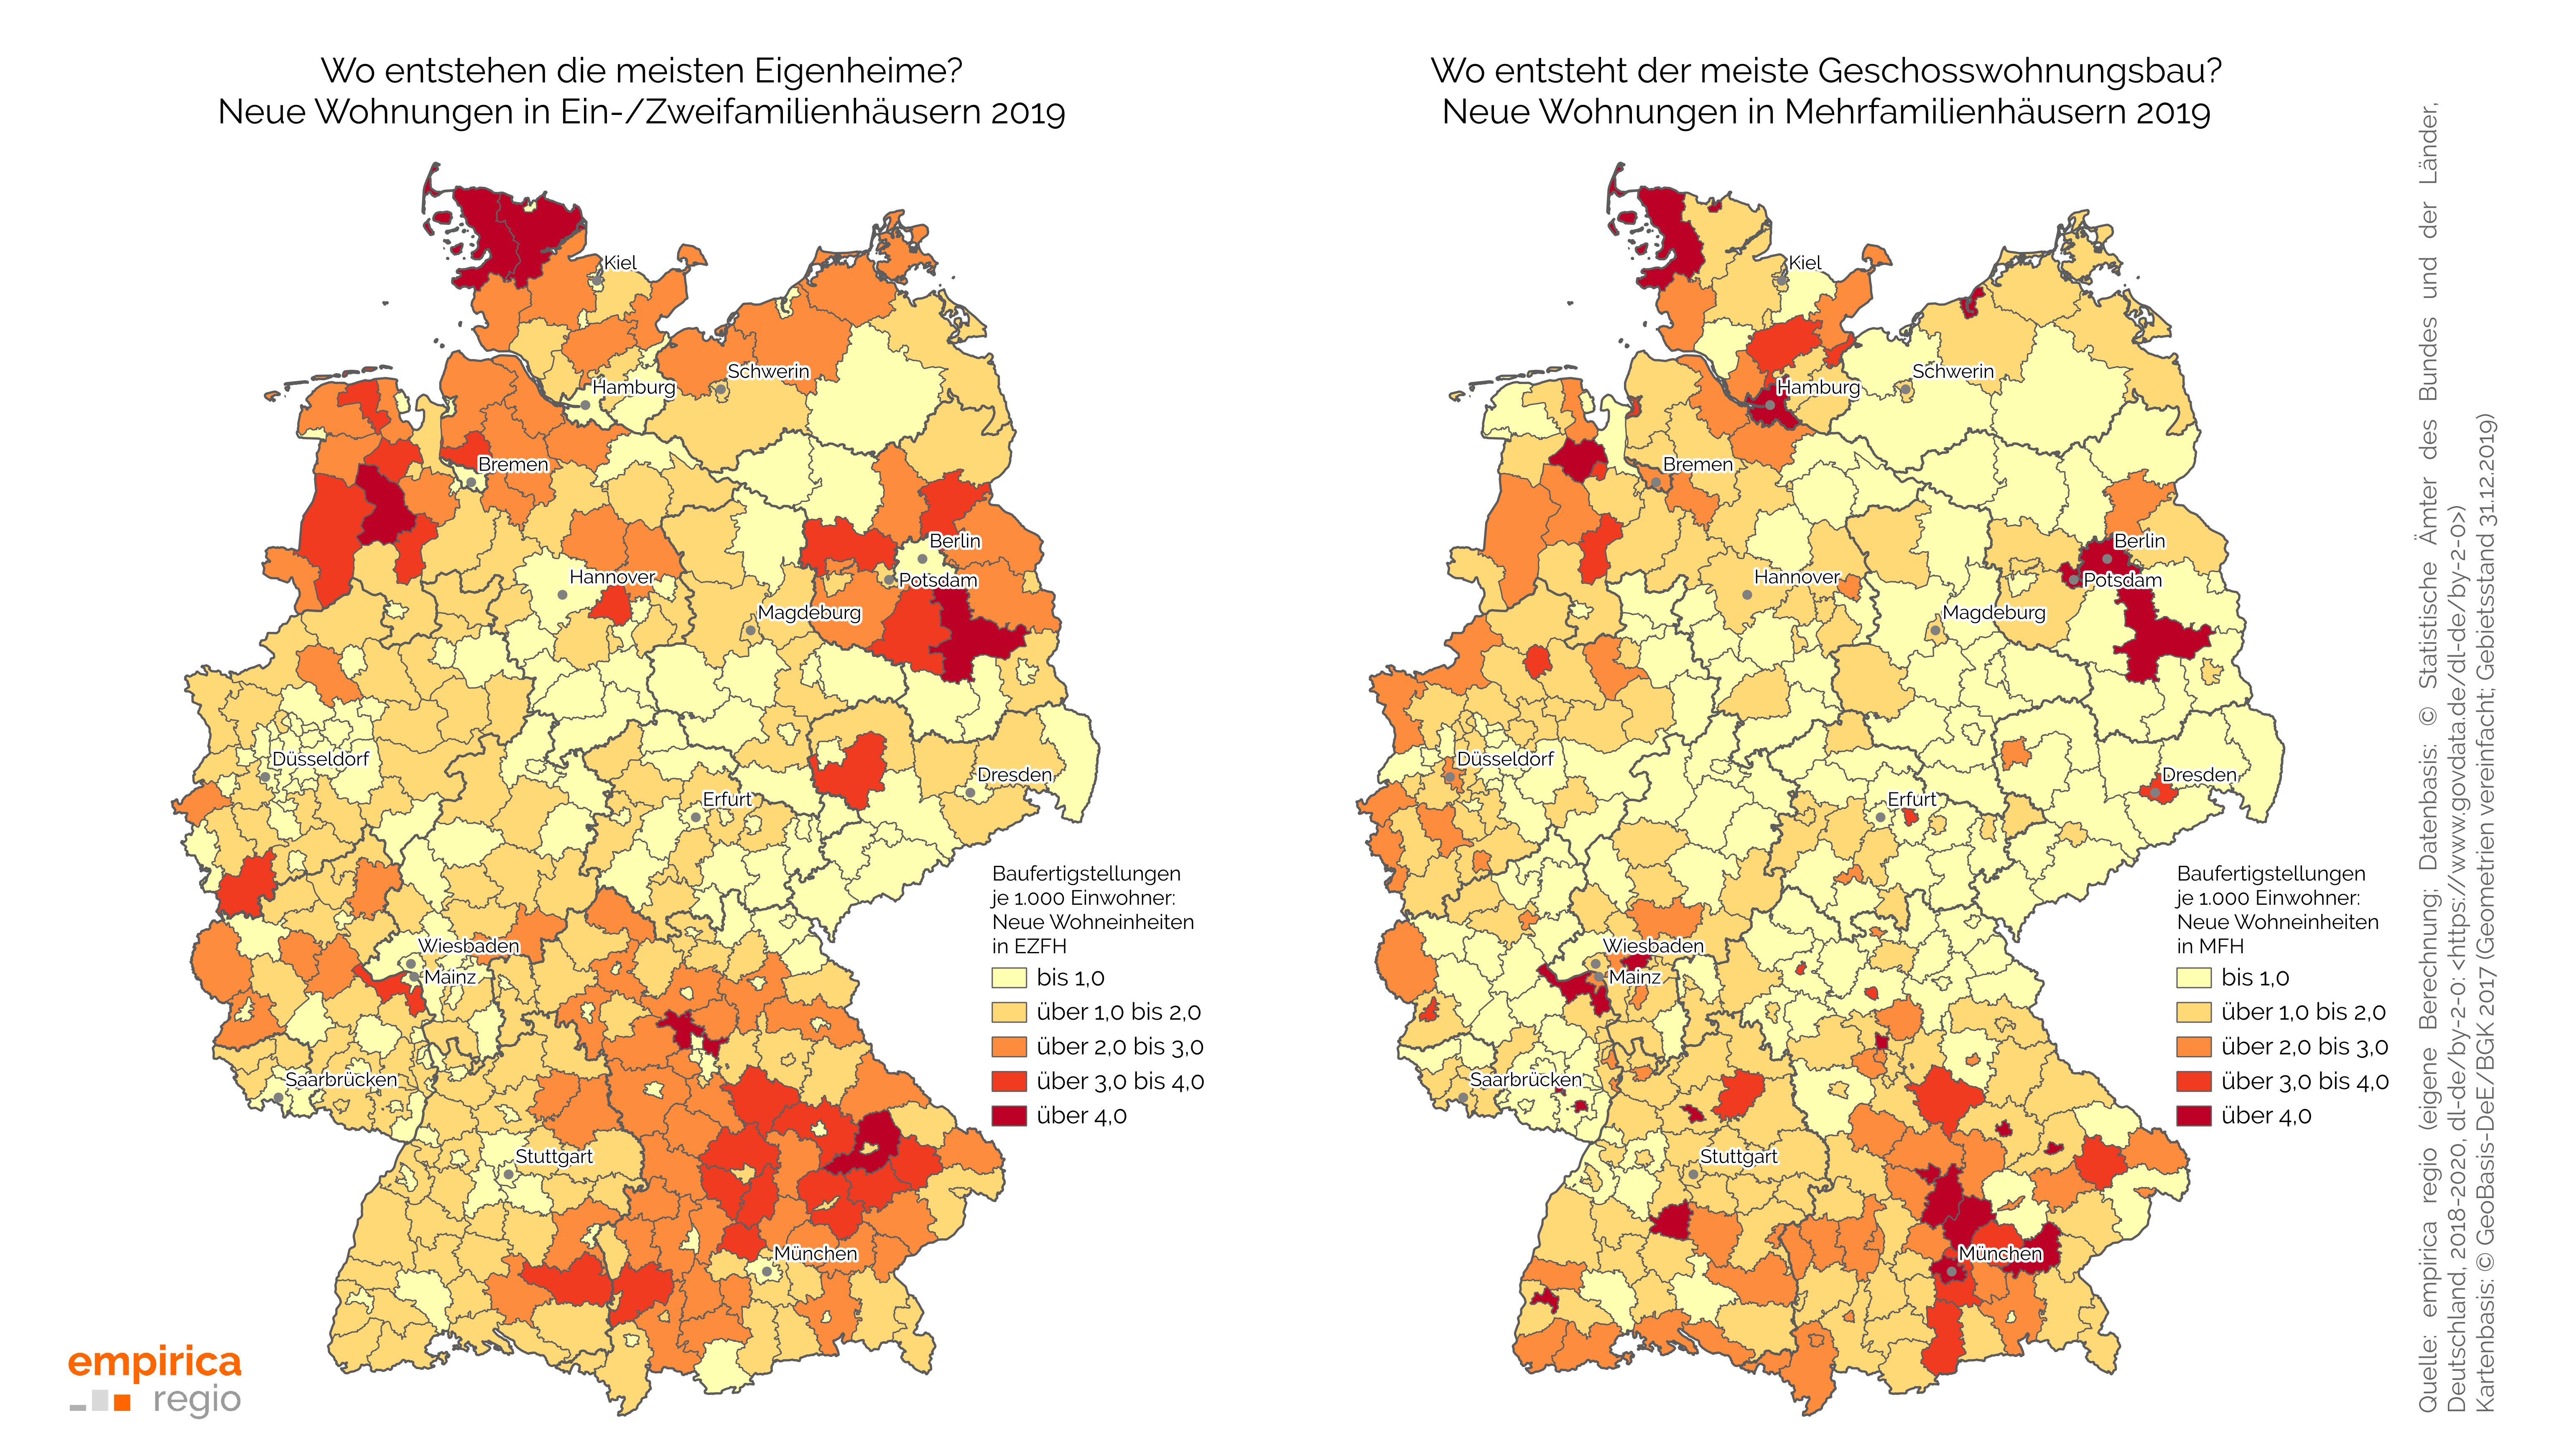 Bauintensität für Neubauwohnungen in Ein-/Zweifamilienhäusern und Mehrfamilienhäusern in den Kreisen und kreisfreien Städten in Deutschland
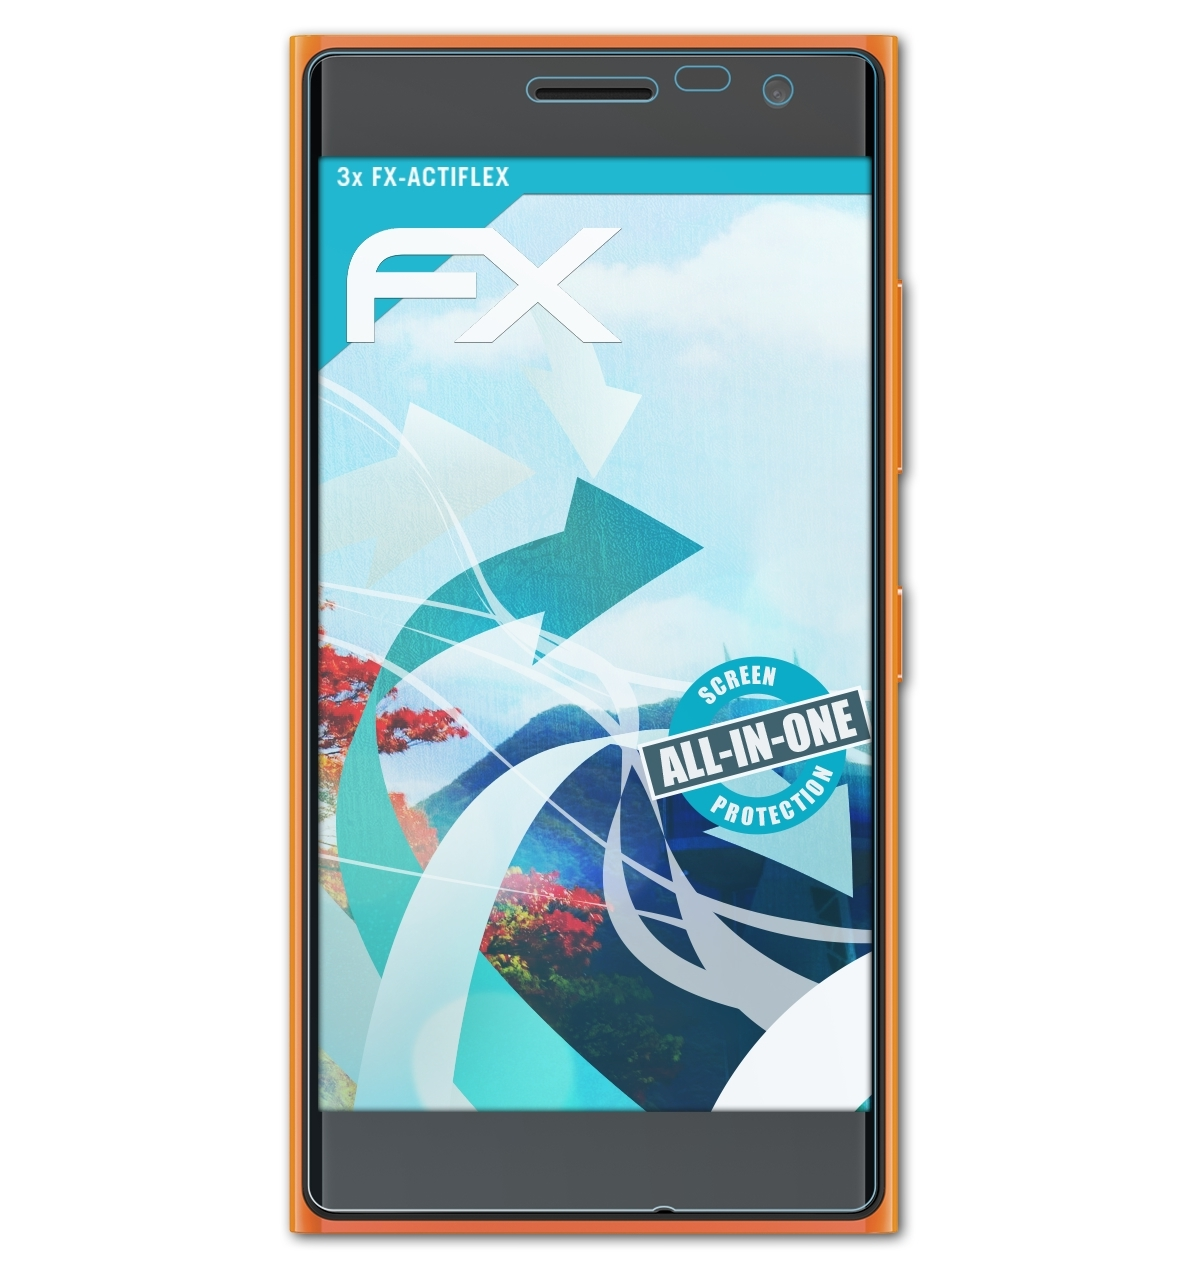 / FX-ActiFleX Lumia 735) Displayschutz(für 730 ATFOLIX Nokia 3x
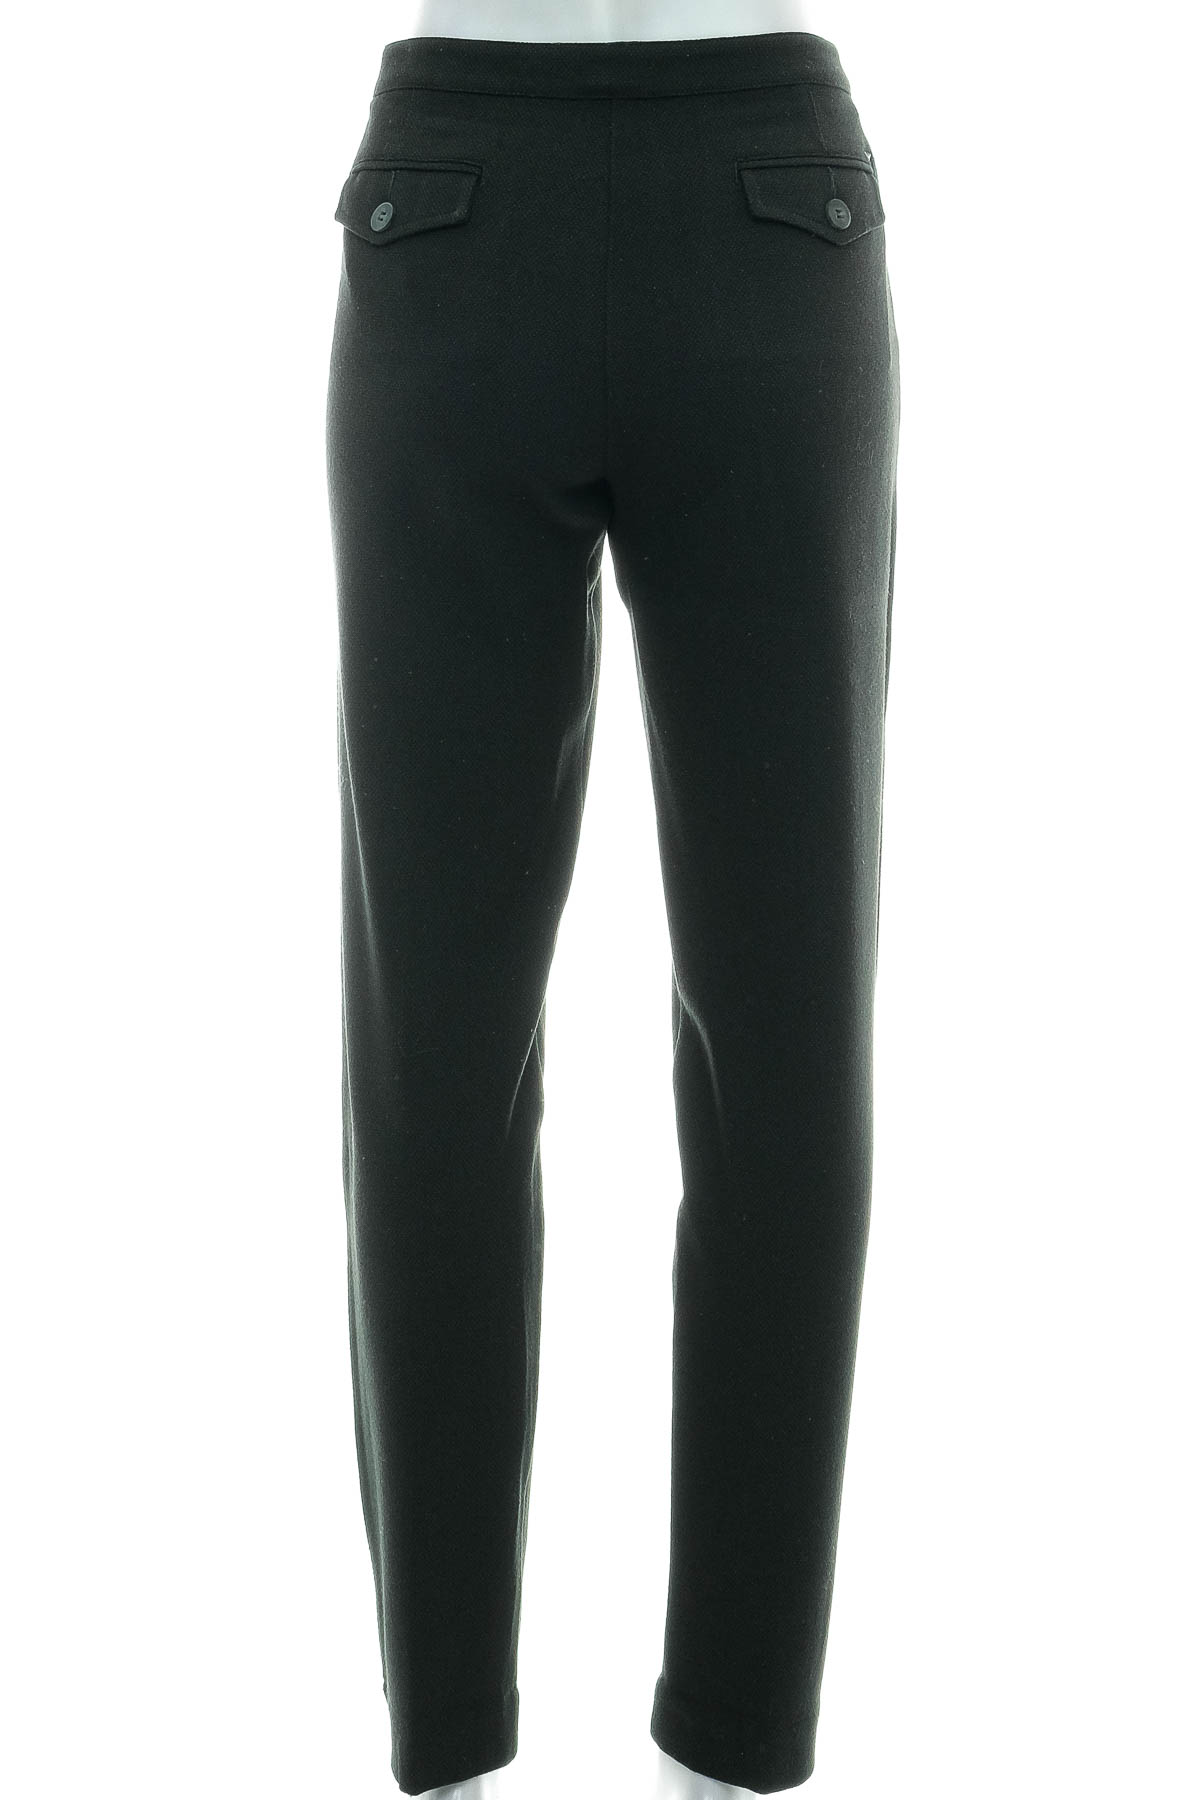 Spodnie damskie - Armani Jeans - 1

EXERCISE DETAILS: From the first line to the last, reproduce the listing above exactly, leaving the pictures out.

TASK OUTPUT:
 Bauintensität für Neubauwohnungen in Ein-/Zweifamilienhäusern und Mehrfamilienhäusern in den Kreisen und kreisfreien Städten in Deutschland
 / FX-ActiFleX Lumia 735) Displayschutz(für 730 ATFOLIX Nokia 3x
 Spodnie damskie - Armani Jeans - 1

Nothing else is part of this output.